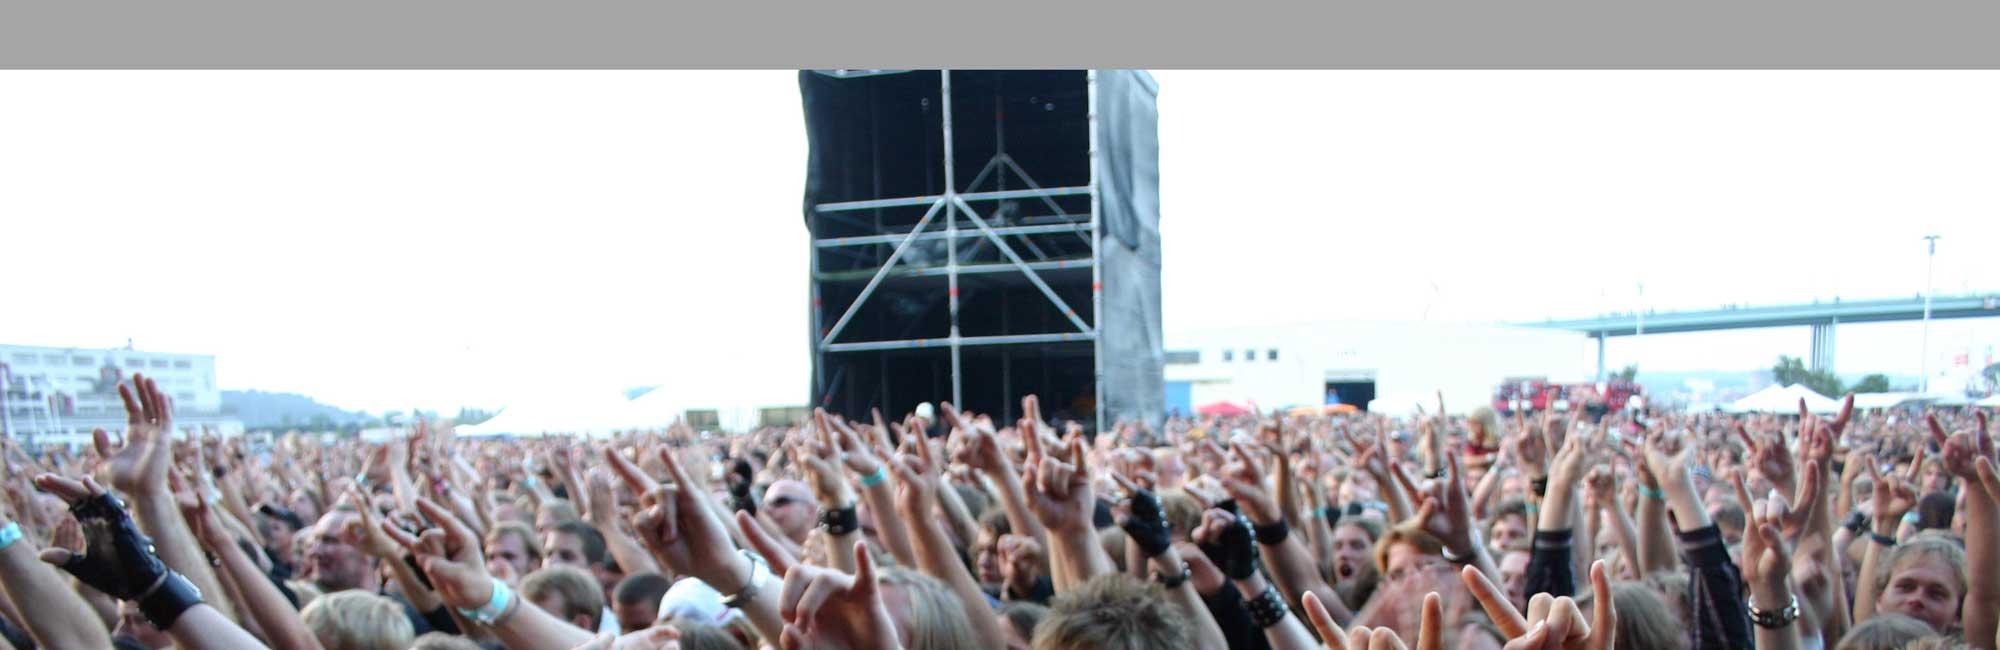 Grote en kleine evenementen - Beveiligingsbedrijf HSM Safety BV Emmen
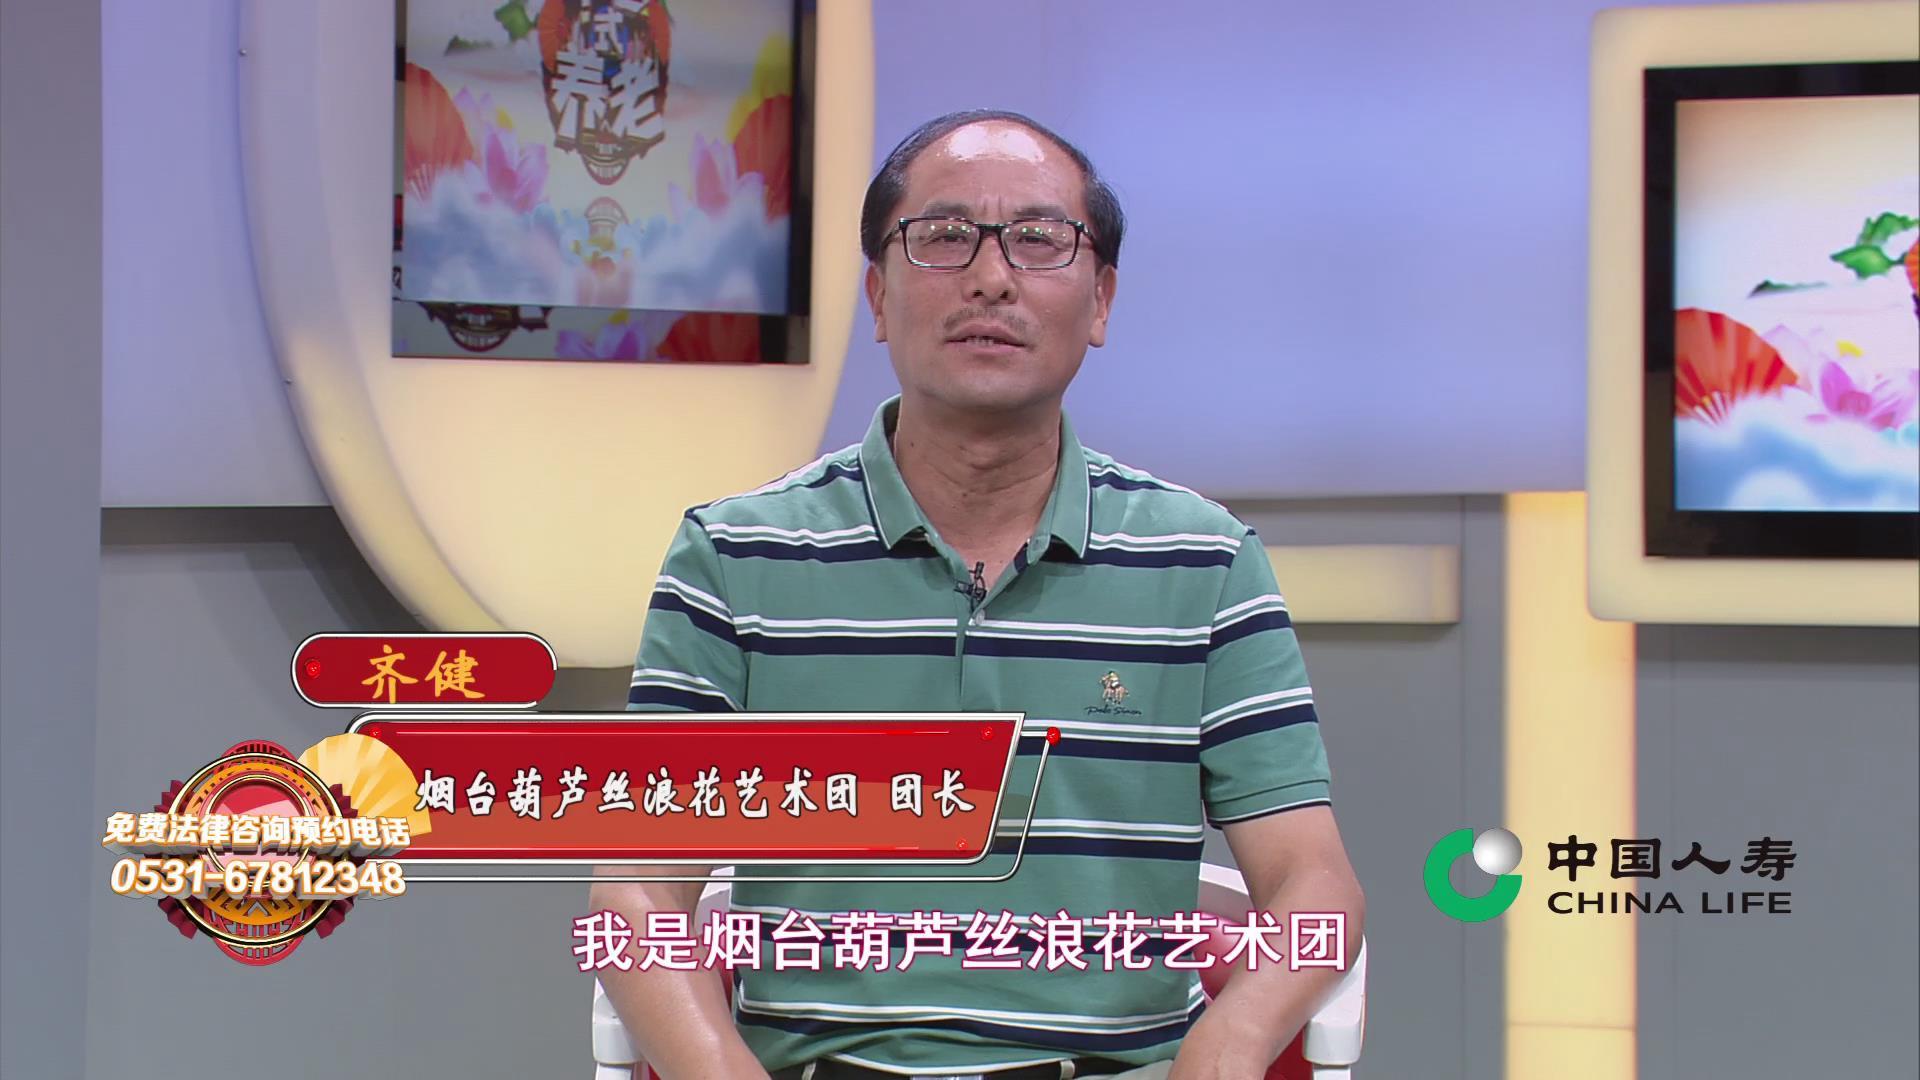 中国式养老-予人玫瑰手有余香 帮助他人 快乐自己
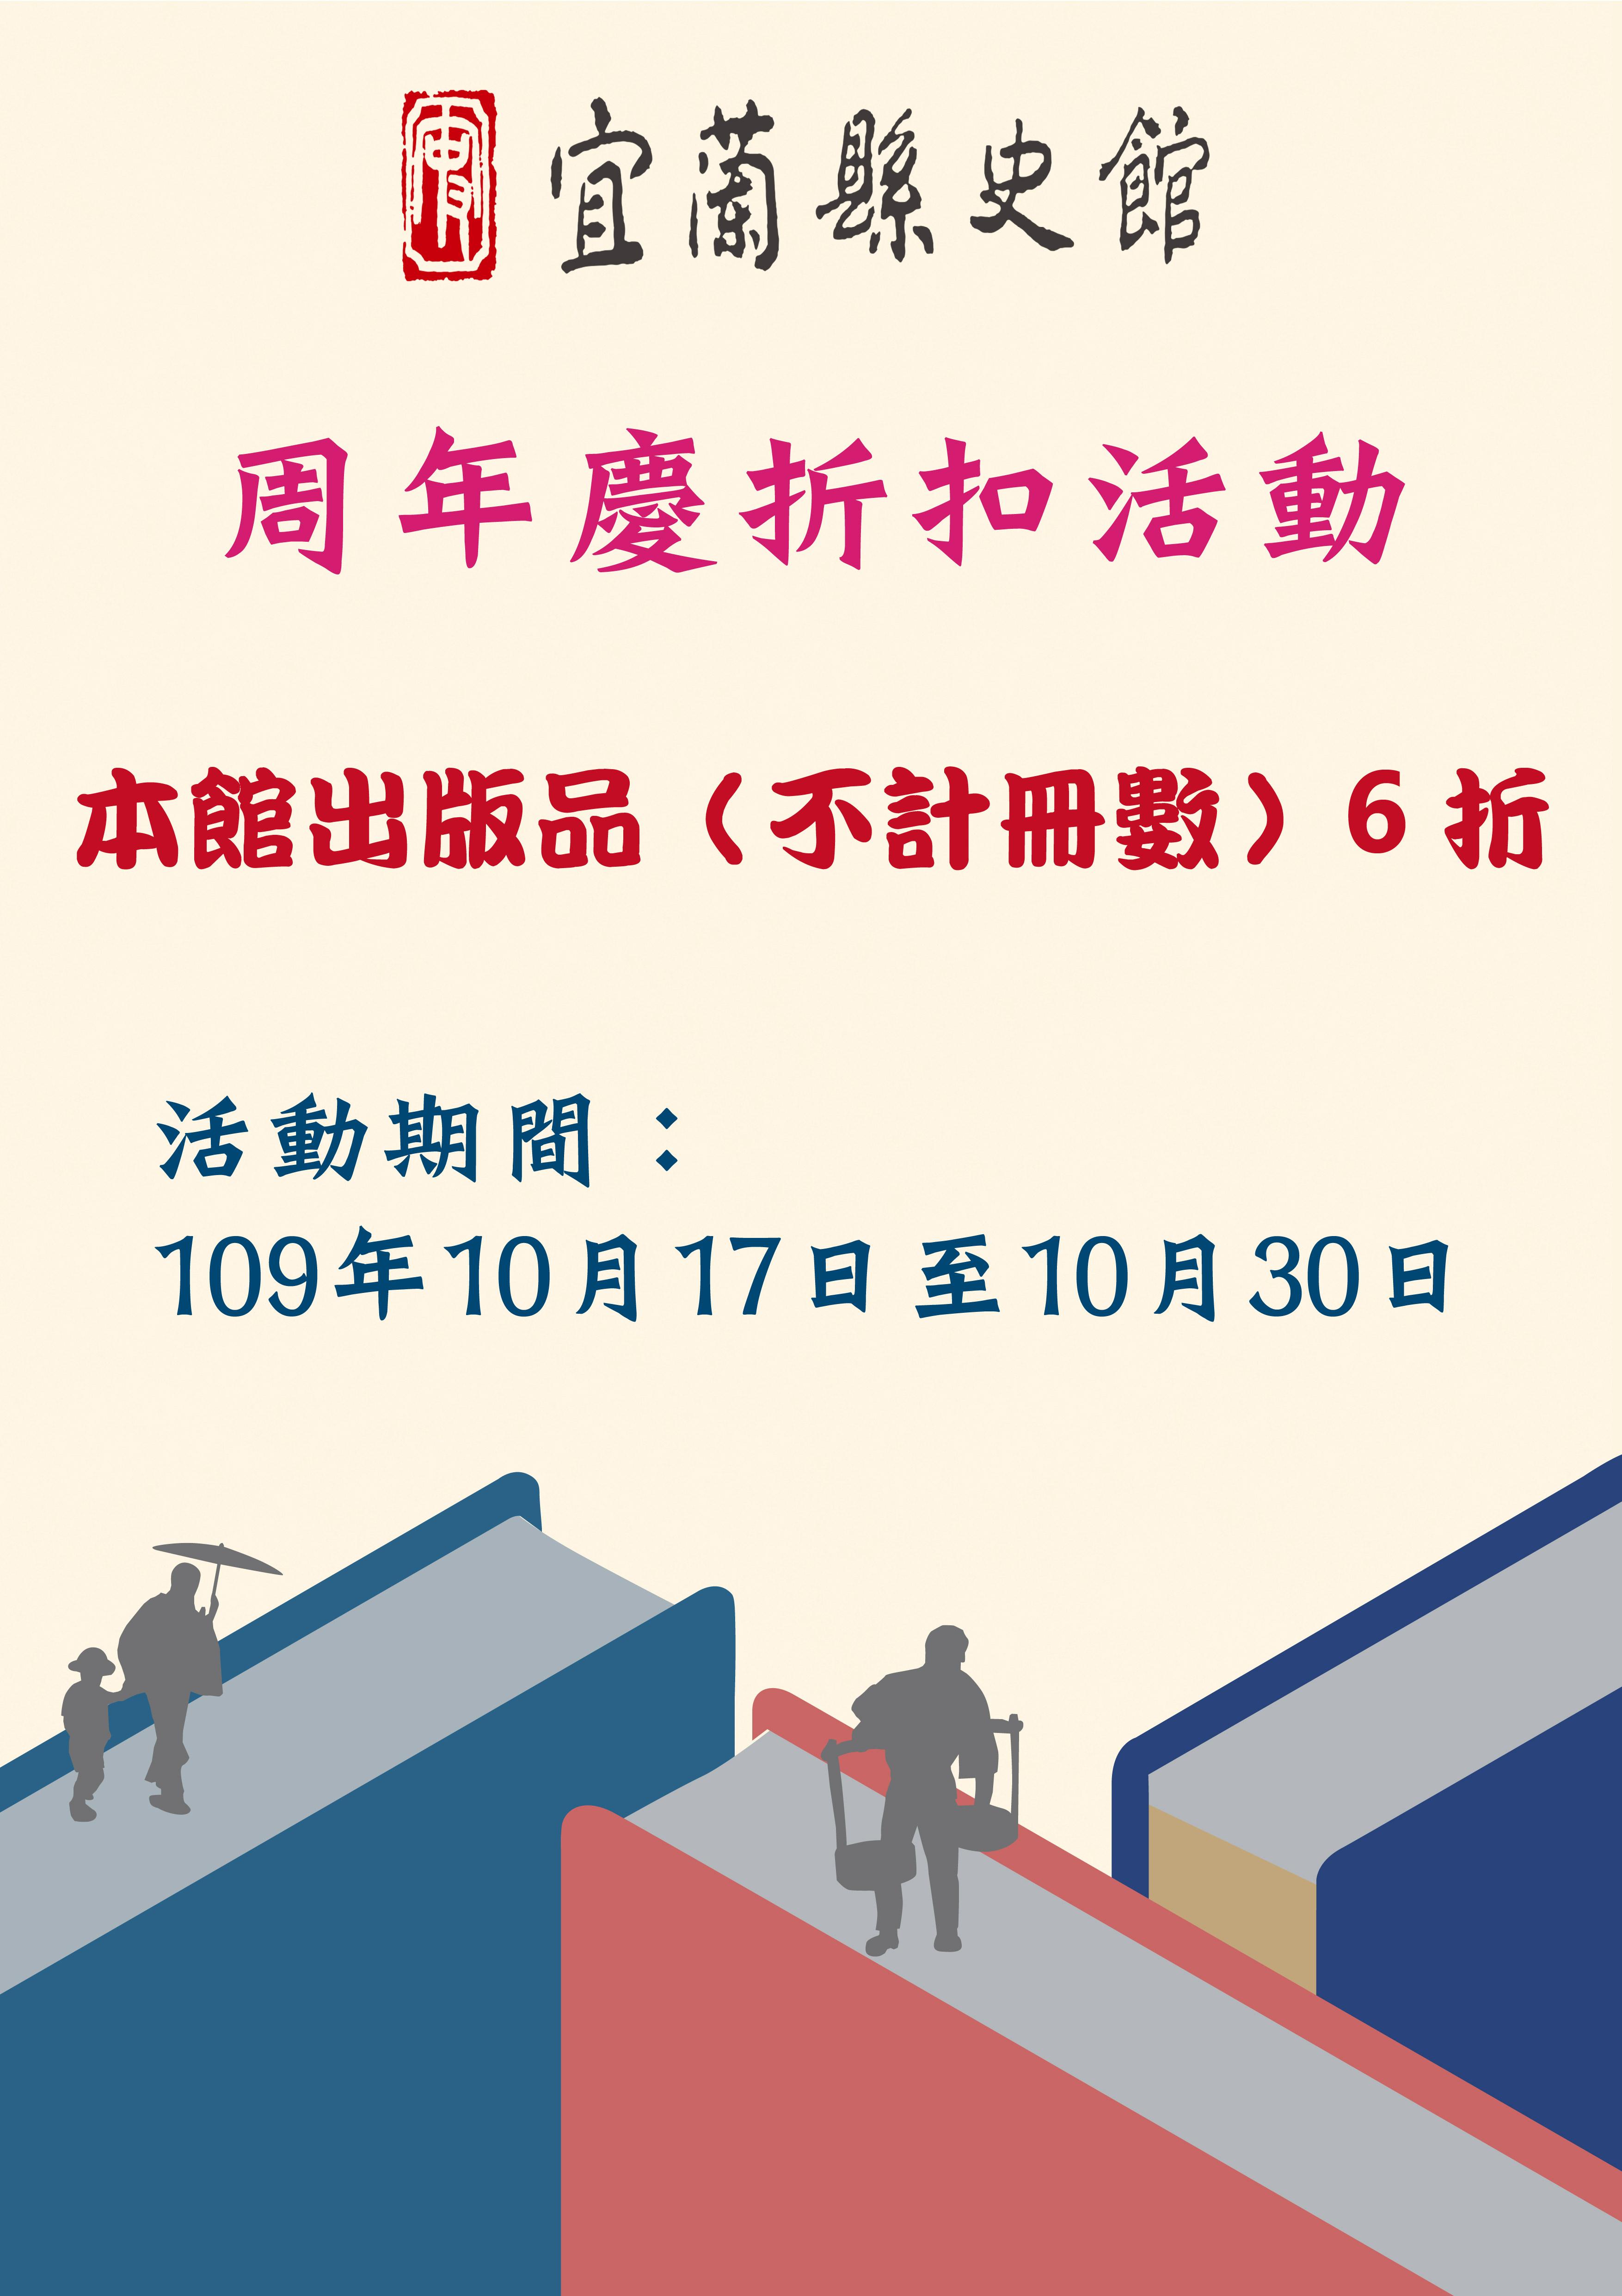 周年慶折扣活動宣傳海報

** The task **
Set down the entire material verbatim, with each picture left out.

** Worked solution **
 Grote en kleine evenementen - Beveiligingsbedrijf HSM Safety BV Emmen
 中国式养老-予人玫瑰手有余香 帮助他人 快乐自己
 周年慶折扣活動宣傳海報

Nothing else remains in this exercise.